Region detection: By combining the offspring of the combined actors and the parents and the elitism, the new population is built up and cycled, and one unit is added to the number of generations. This cycle is repeated as long as the condition is terminated, and ultimately the best chromosomes, which are in fact the best cluster centers, are calculated. The result is the segmentation of the MR image of the brain. In order to select the region of interest where the tumor is the same Segmentation, after the clustering process, the cluster containing the optimal Segmentation (tumor) is selected as the main segmentation [22].

With using the morphology operators, additional Segmentations and transfer the resultant mask onto the image can remove. The Segmentation of the tumor is now bordered on the image.

#### RESULTS

In this step, the proposed algorithm is compared with the traditional K-means algorithm. A total of 10 images from the BRATS 2013 Dataset [23] have been selected, including 9 images from a high collection and 1 image from a low collection. The images obtained from the application of the two algorithms are shown in Tables 1 and 2. The comparison is calculated using an approximate estimation of the tumor Segmentation. In this method, the image contains two values of black or white. Black values are set to zero and white with one. Using 8 total numbers of pixels in the image is as follows:

$\mathrm{Image.\; I}=\sum _{\mathrm{w}=0}^{255}\sum _{\mathrm{h}=0}^{255}\left[\mathrm{f}\left(0\right)+\mathrm{f}\left(1\right)\right]$ (8)

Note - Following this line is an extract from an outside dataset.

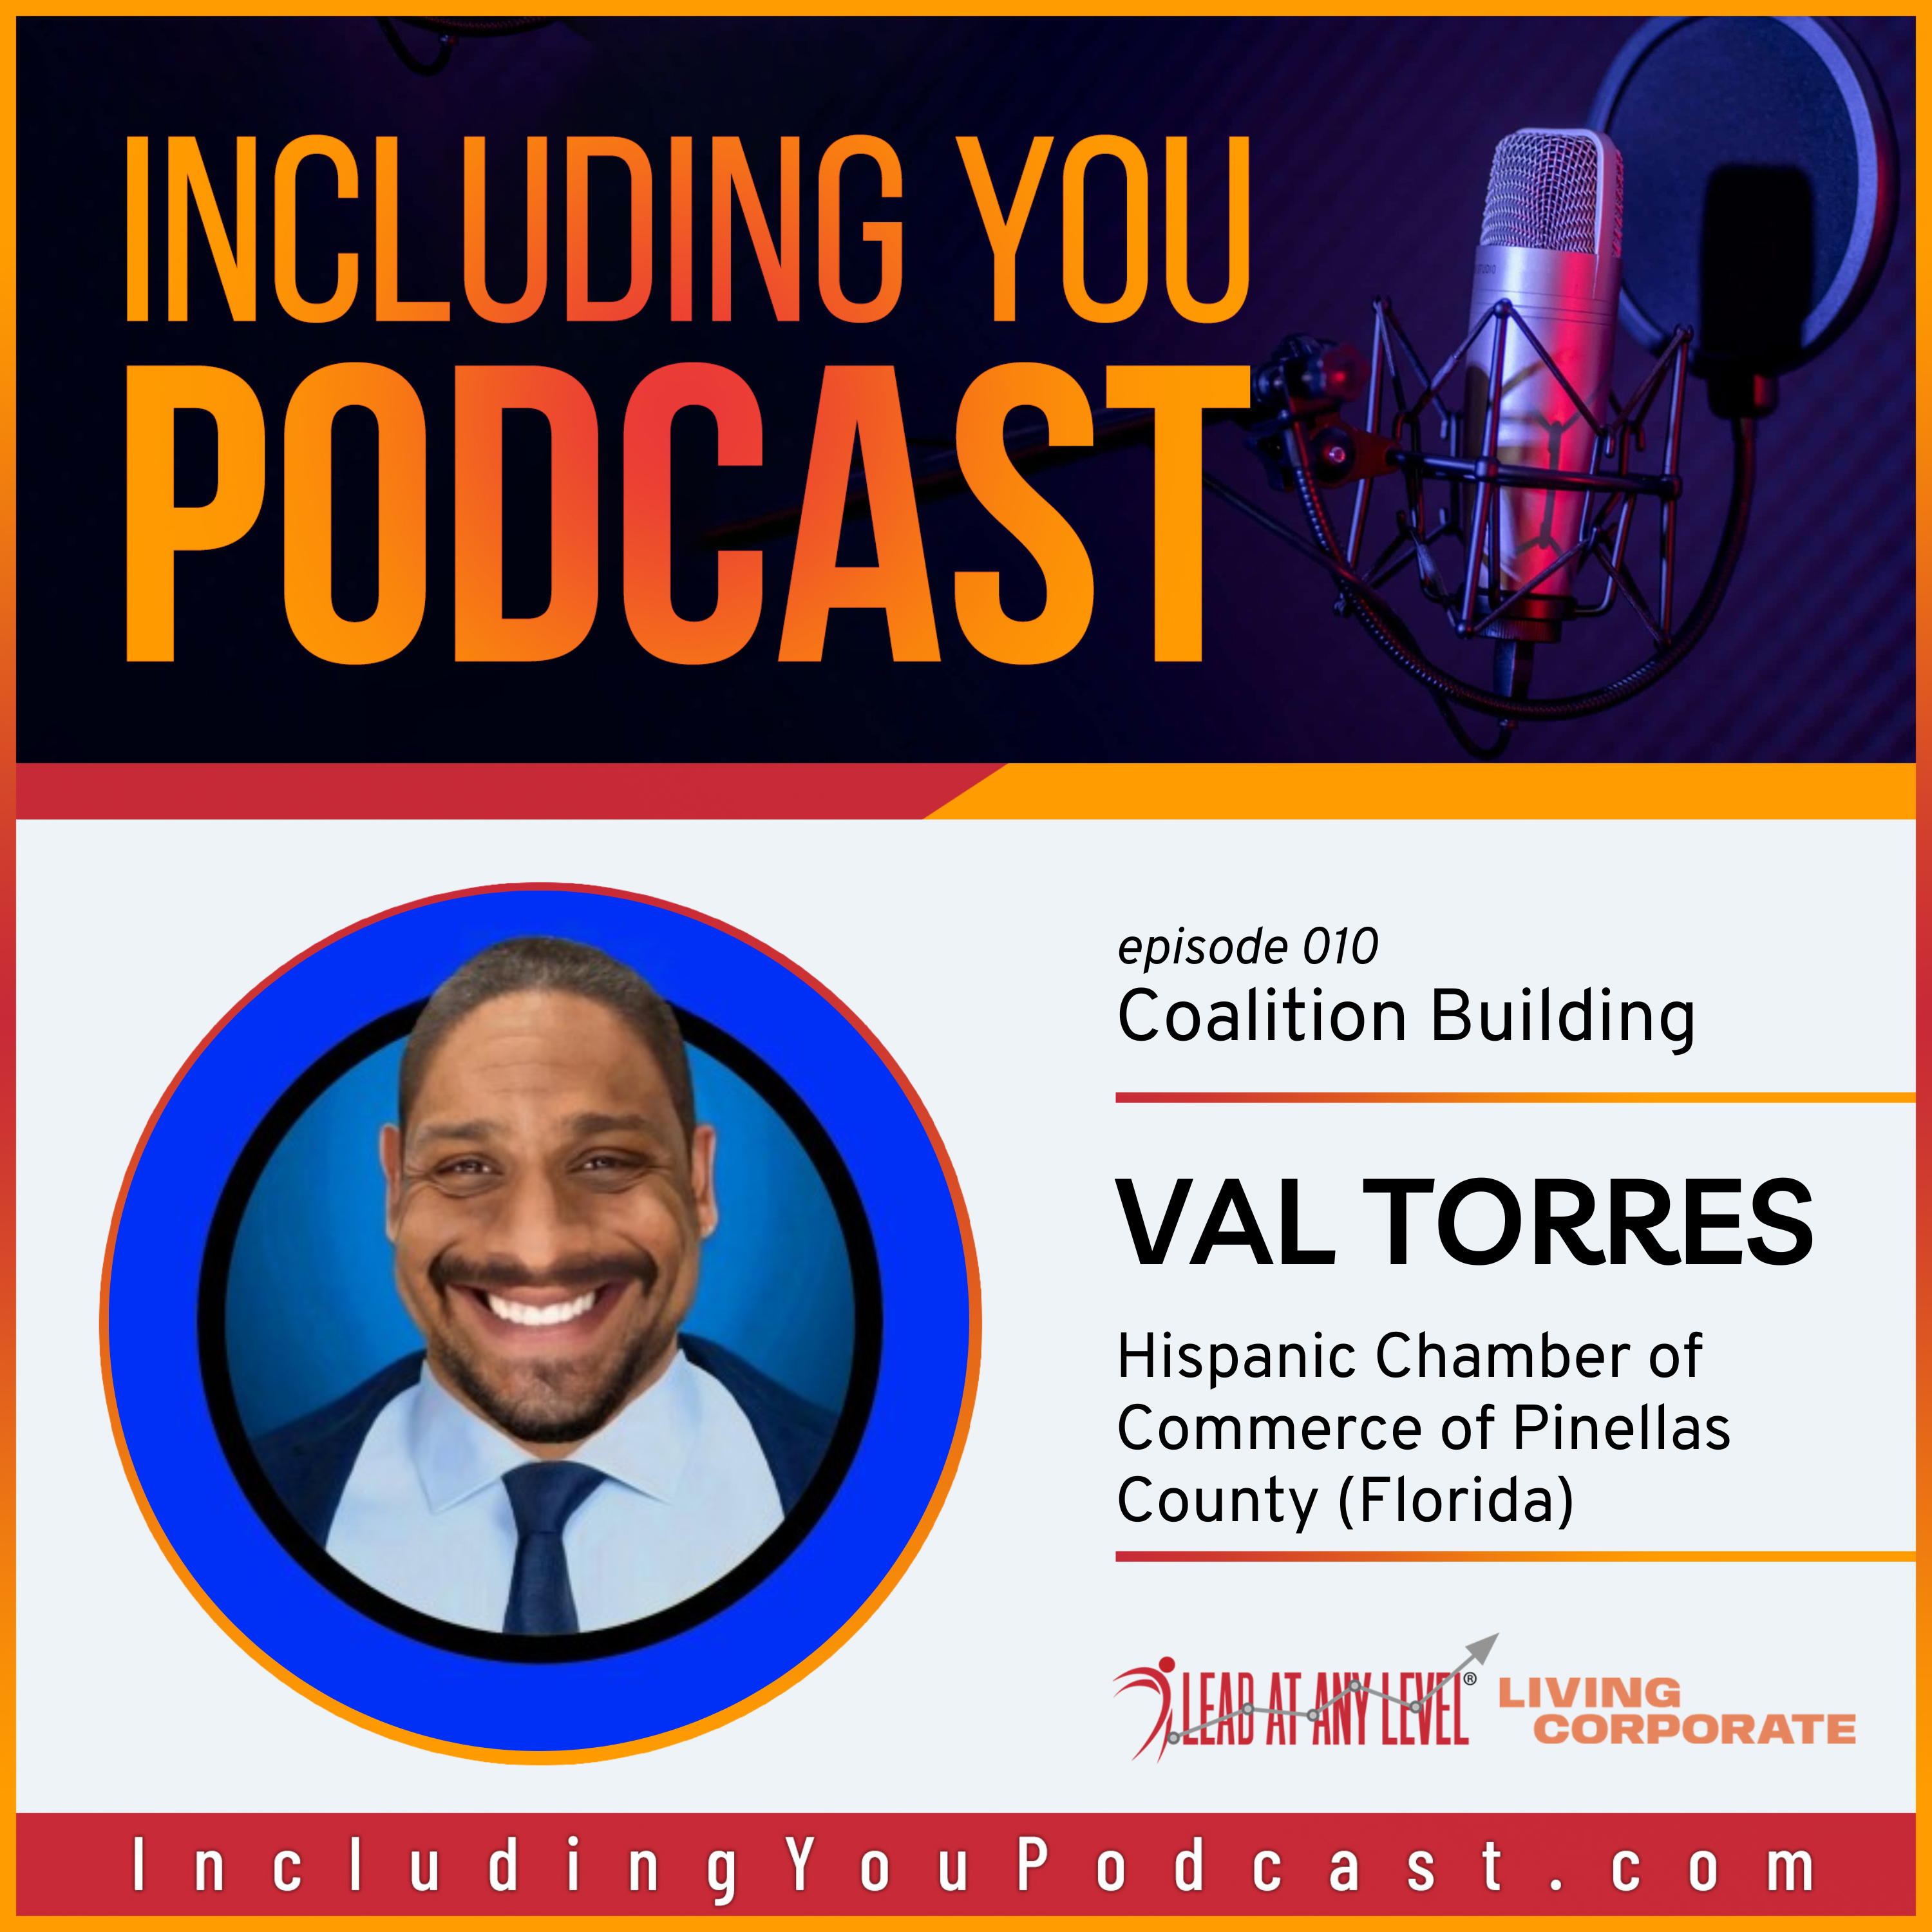 Coalition Building with Dr. Val Torres (Including You Podcast)

The total number of pixels is Pixels = With (W) * Hight (H). The number of white pixels equals the number of values 1 and the number of pixels in black is equal to the number of zeros. This is visible in 9:

No .of white pixel P= $\sum _{\mathrm{w}=0}^{255}{\sum}_{\mathrm{h}=0}^{255}\left[\mathrm{f}\left(1\right)\right]$ (9)

Here P provides the number of white pixels (Length * Width). A pixel is 0.264 mm which is calculated using 10 tumor Segmentations [13, 24].

**S = [**
$\sqrt[2]{P}\mathbf{*0.264}]{\mathbf{mm}}^{2}$

The result of the relationships is shown in Table 3. This review is a result of repeating 50 generations.

#### Table 3

The result of the proposed algorithm and the K-means algorithm

#### CONCLUSION

Two K-means and GA-clustering algorithms were computed for 50 replications, run and its results (Table 4). To calculate the accuracy of these two algorithms, Equation (11) was used.

Precision = $\frac{\mathrm{TP}}{\mathrm{TP}+\mathrm{FP}}$ (11)

In the future, the present problem can be combined with combining other meta-algorithms in order to prevent local trapping in place of the genetic algorithm; there is also the possibility of using 3D images instead of two-dimensional images. It has the ability to apply the proposed algorithm to other medical images as well.